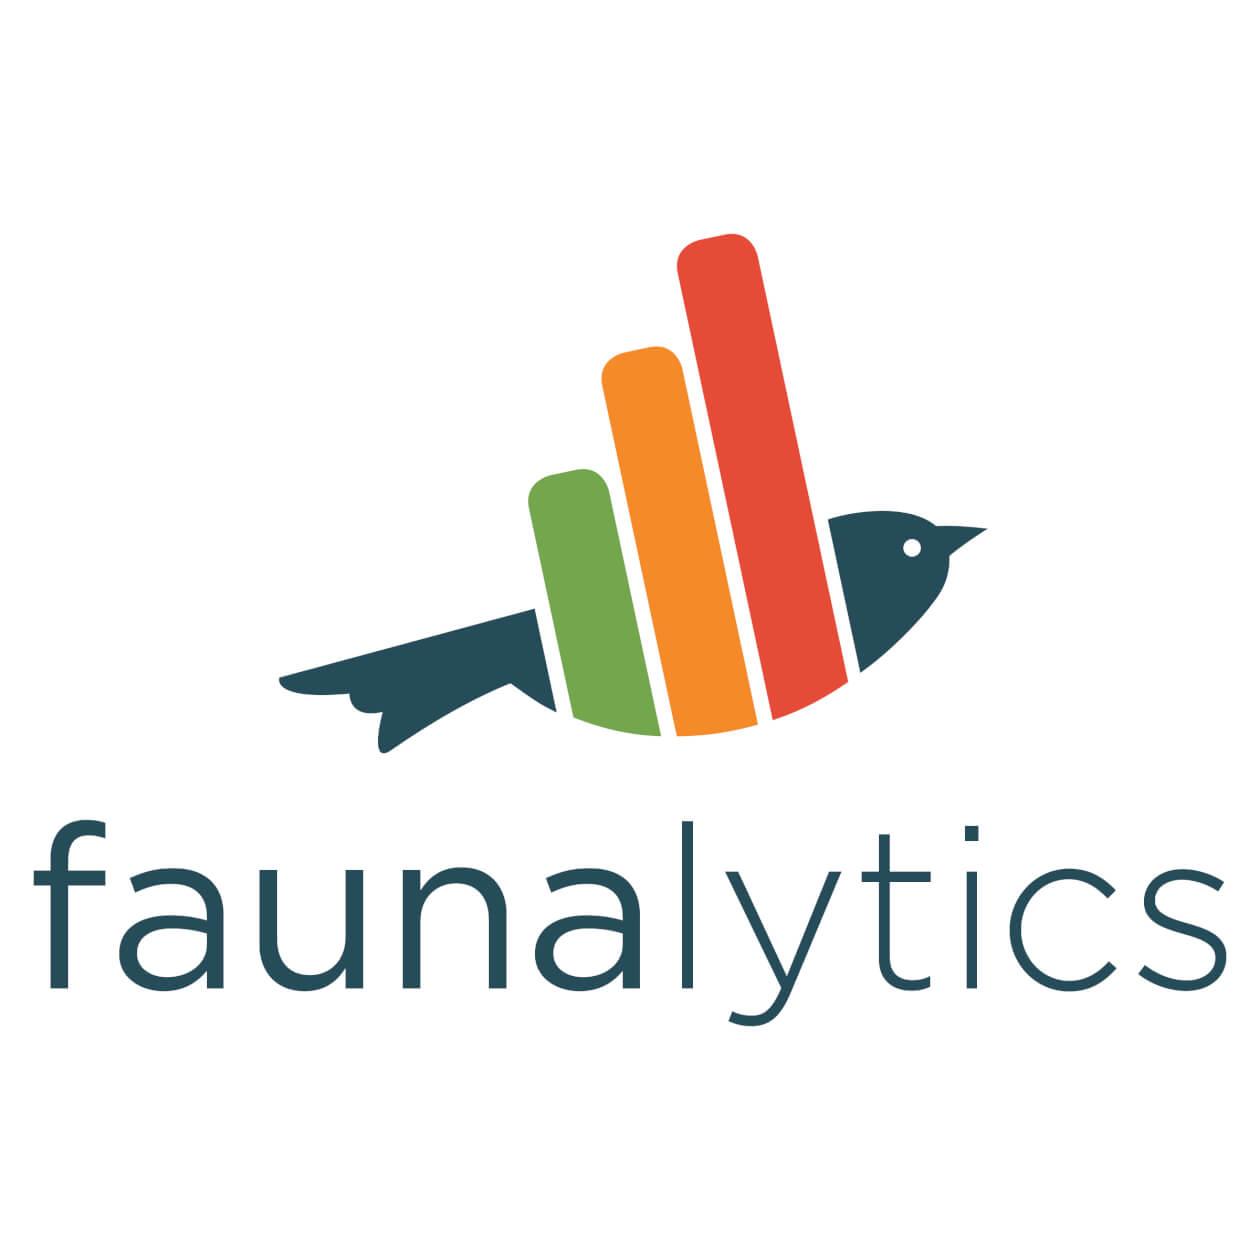 Faunalytics
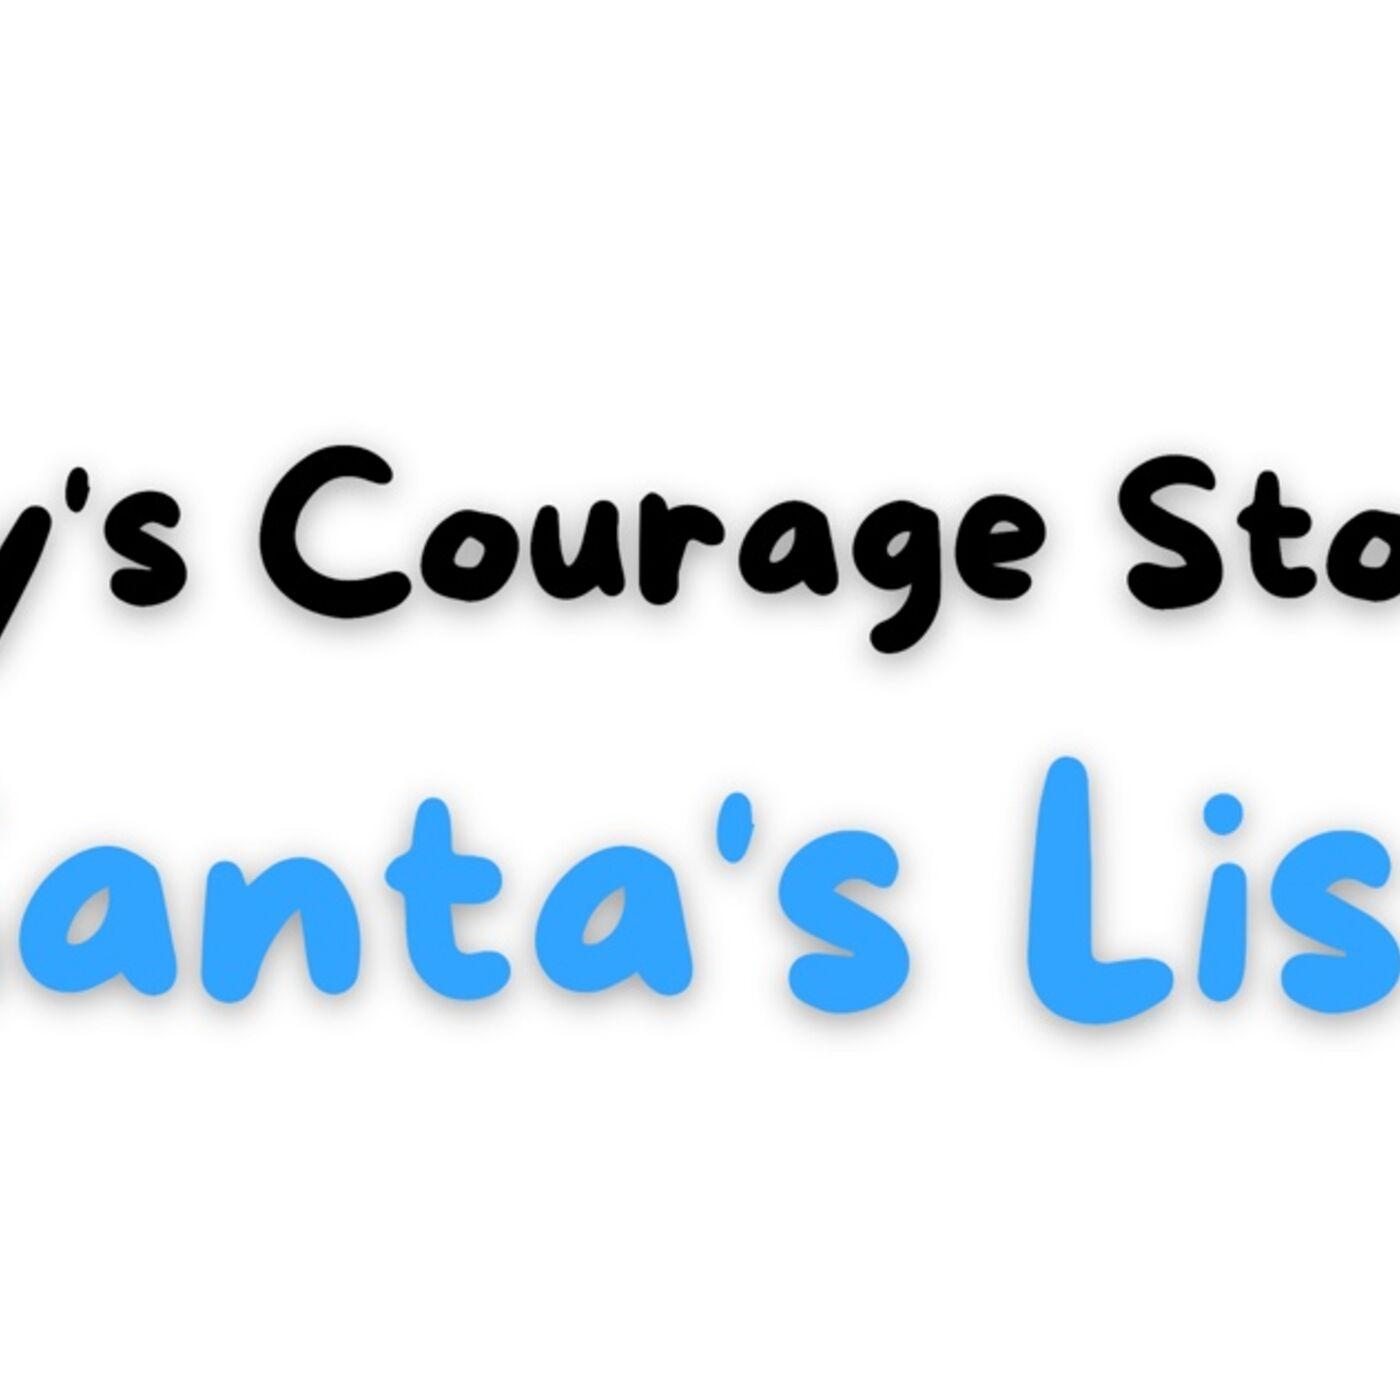 Courage Story 1: Santa's List
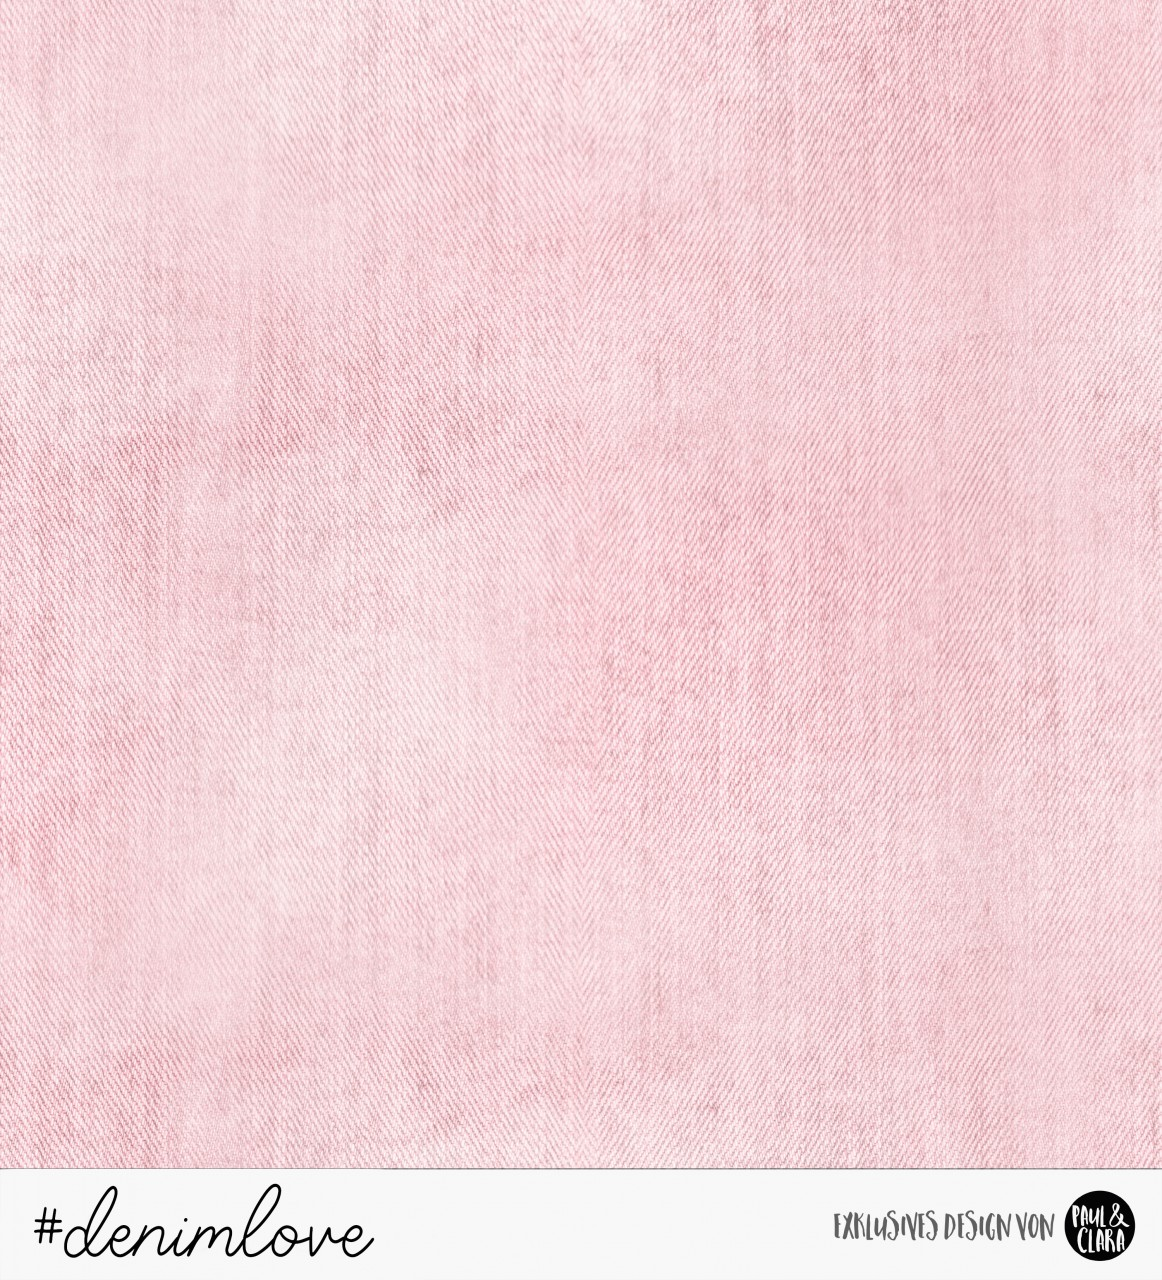 denimlove  - Rosa *Bio-Sommersweat*

• _REQUIRED WORK_
Go through the material and set it down again exactly, but without any pictures.

• _FINISHED TASK_
 Faunalytics
 Courage Story 1: Santa's List
 denimlove  - Rosa *Bio-Sommersweat*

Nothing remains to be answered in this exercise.